### PROBLEM DETAILS:
Please write out only the lines from the line with "Фигурка декоративная Elan" to the line with "Nu ook gratis JBL go2 bij Kruidvat", inclusive, exactly as they stand below, without the pictures.

━━ PROVIDED DATA ━━

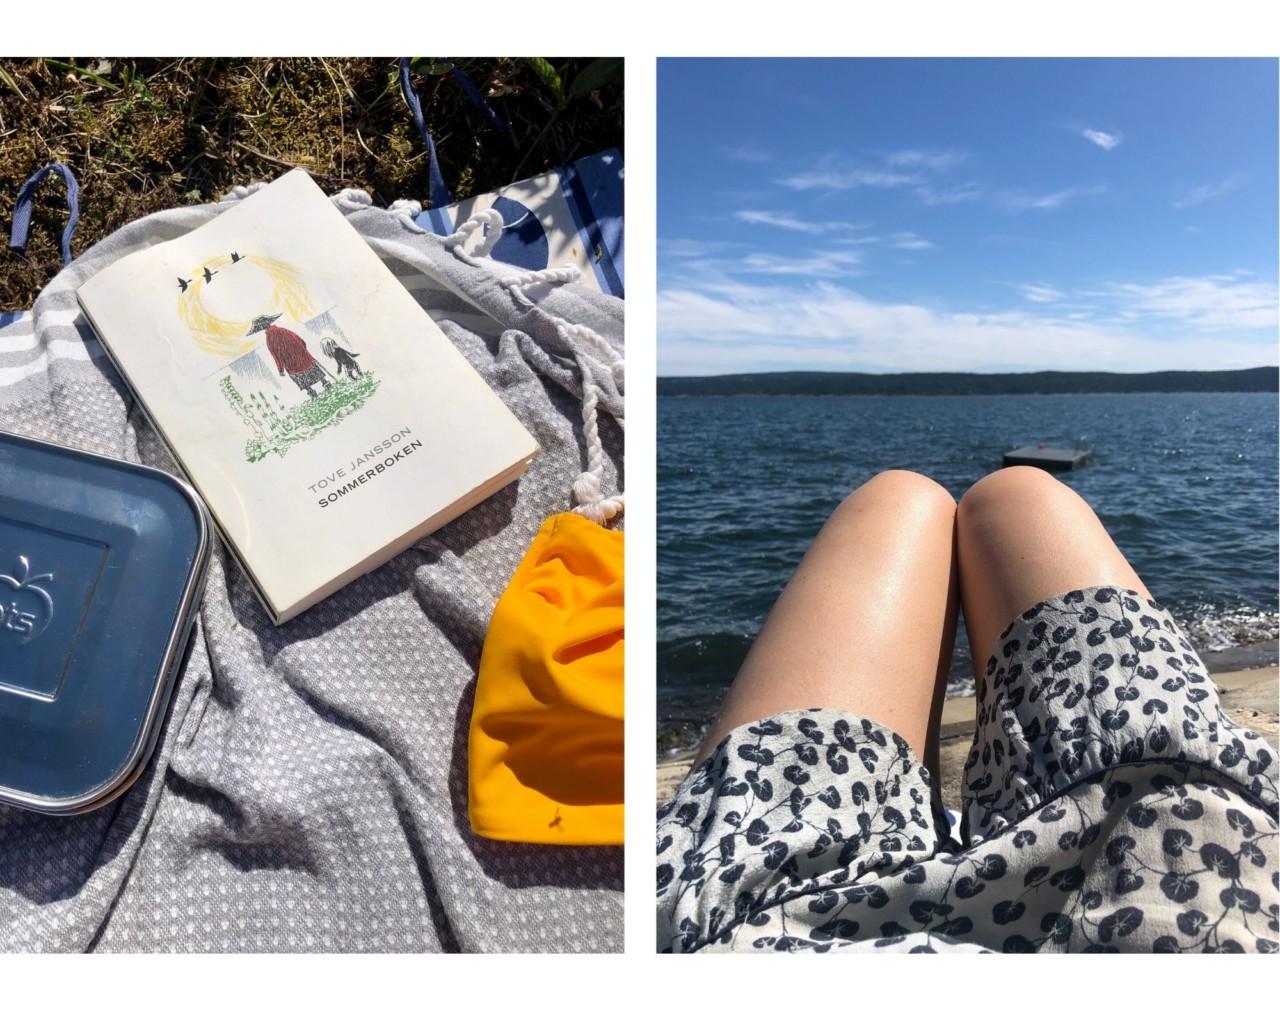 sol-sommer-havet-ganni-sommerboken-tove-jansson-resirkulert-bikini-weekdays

━━━
━━ PROVIDED DATA ━━

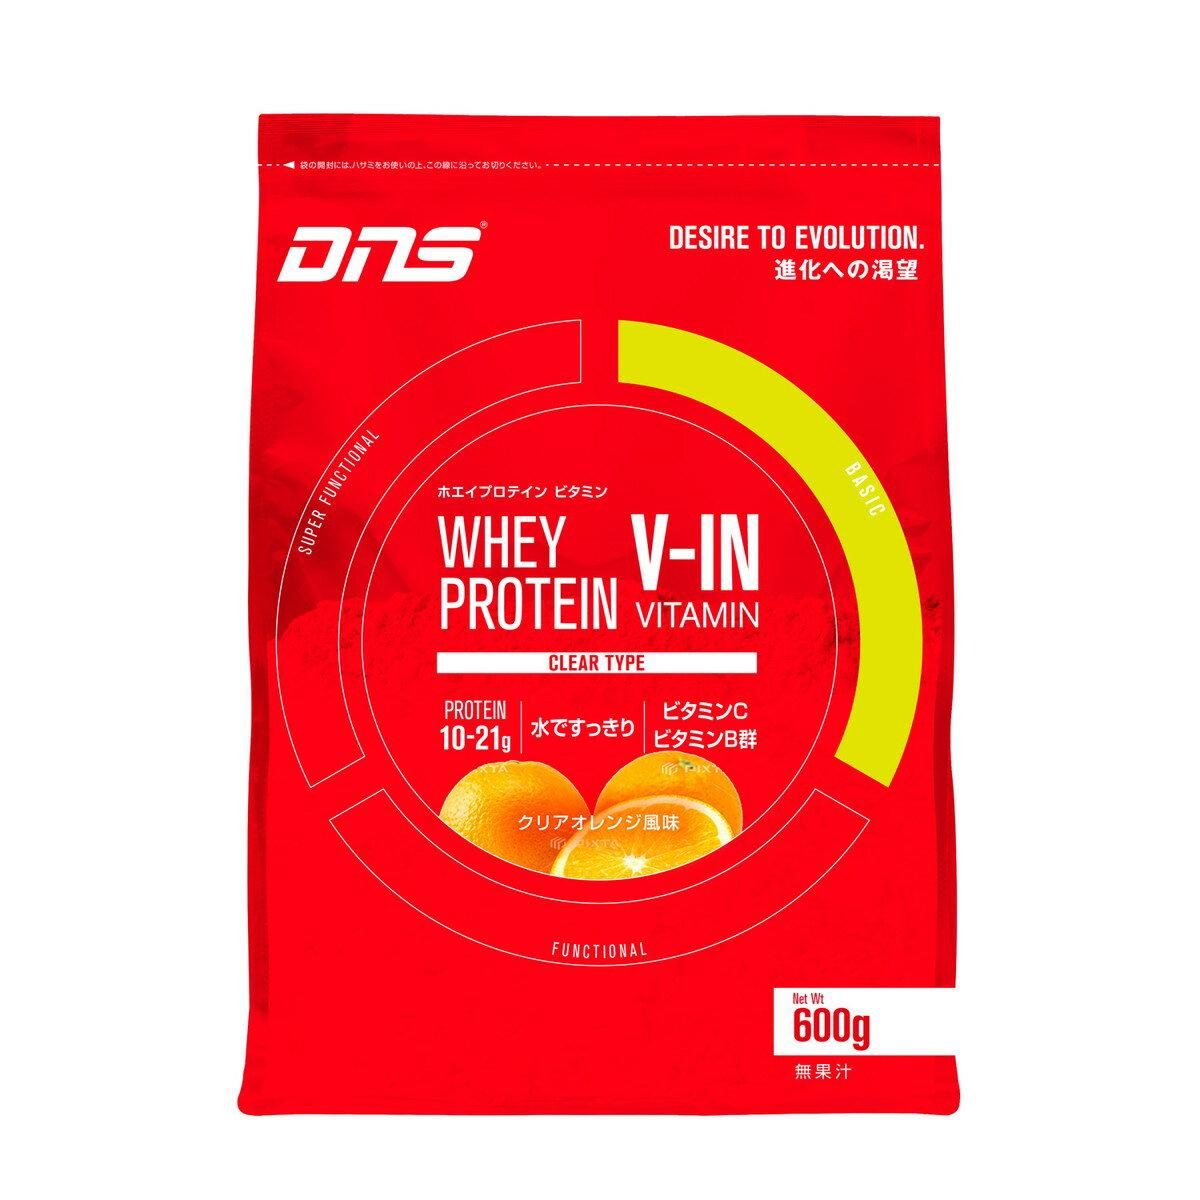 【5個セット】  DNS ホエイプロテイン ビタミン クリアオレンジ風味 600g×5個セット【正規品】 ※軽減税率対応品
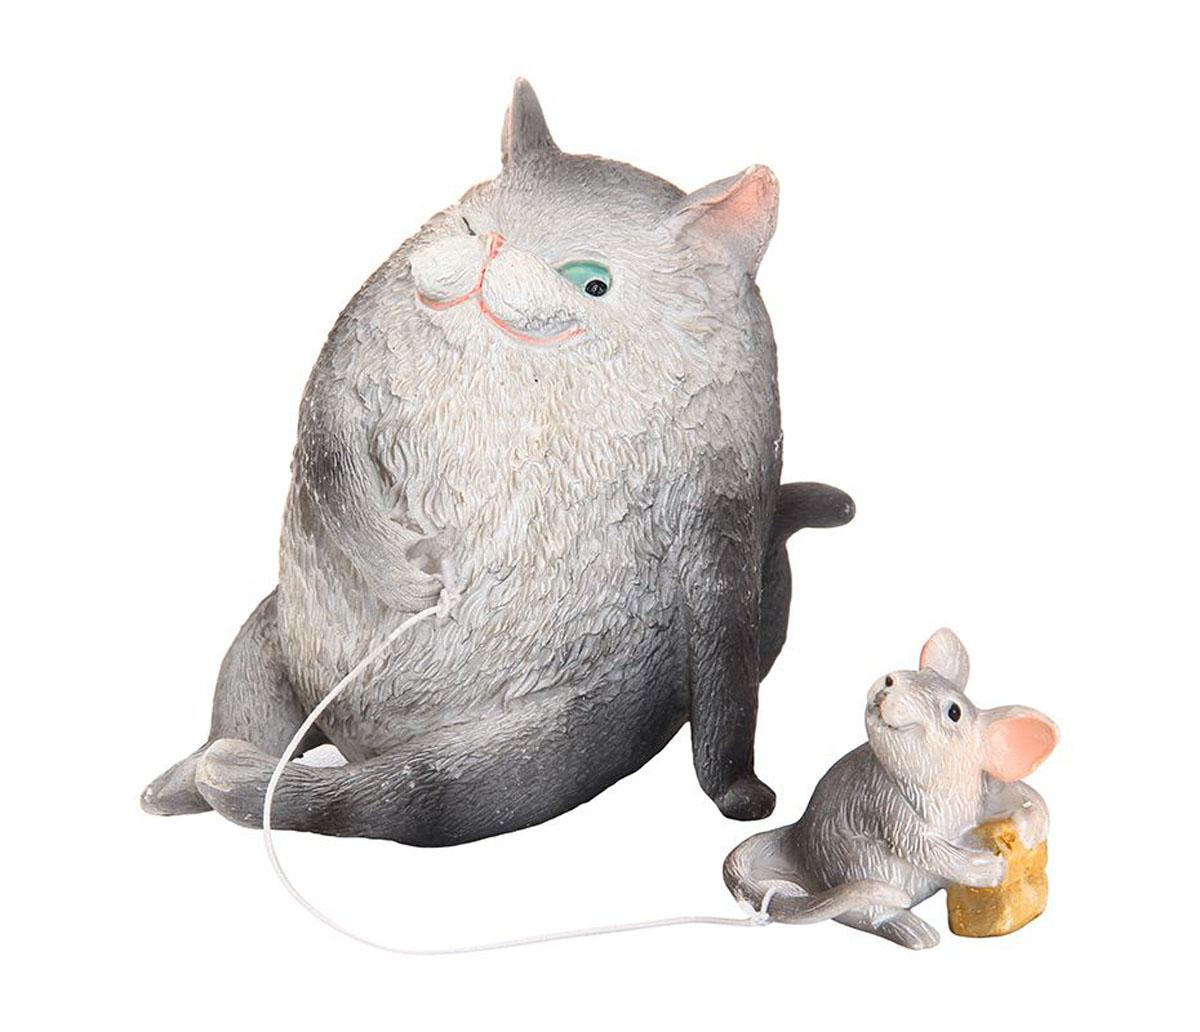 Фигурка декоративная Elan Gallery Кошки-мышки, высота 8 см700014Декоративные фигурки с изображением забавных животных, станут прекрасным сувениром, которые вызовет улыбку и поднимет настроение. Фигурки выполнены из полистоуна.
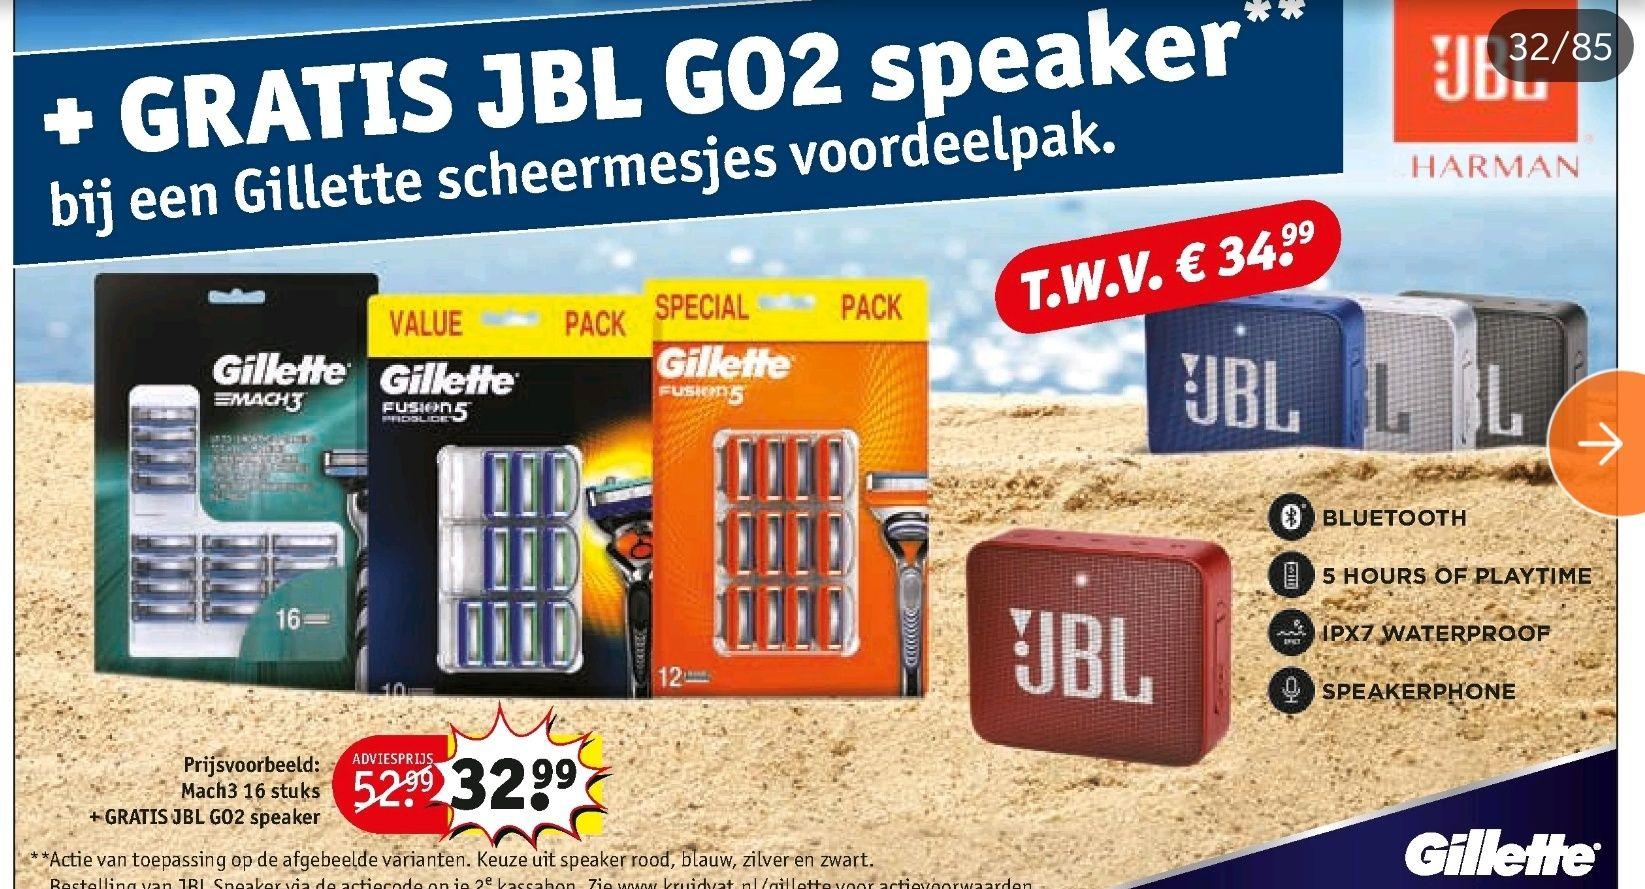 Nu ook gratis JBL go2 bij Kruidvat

━━━

### SOLUTION TO THE EXERCISE:
 Фигурка декоративная Elan Gallery Кошки-мышки, высота 8 см700014Декоративные фигурки с изображением забавных животных, станут прекрасным сувениром, которые вызовет улыбку и поднимет настроение. Фигурки выполнены из полистоуна.
 Nu ook gratis JBL go2 bij Kruidvat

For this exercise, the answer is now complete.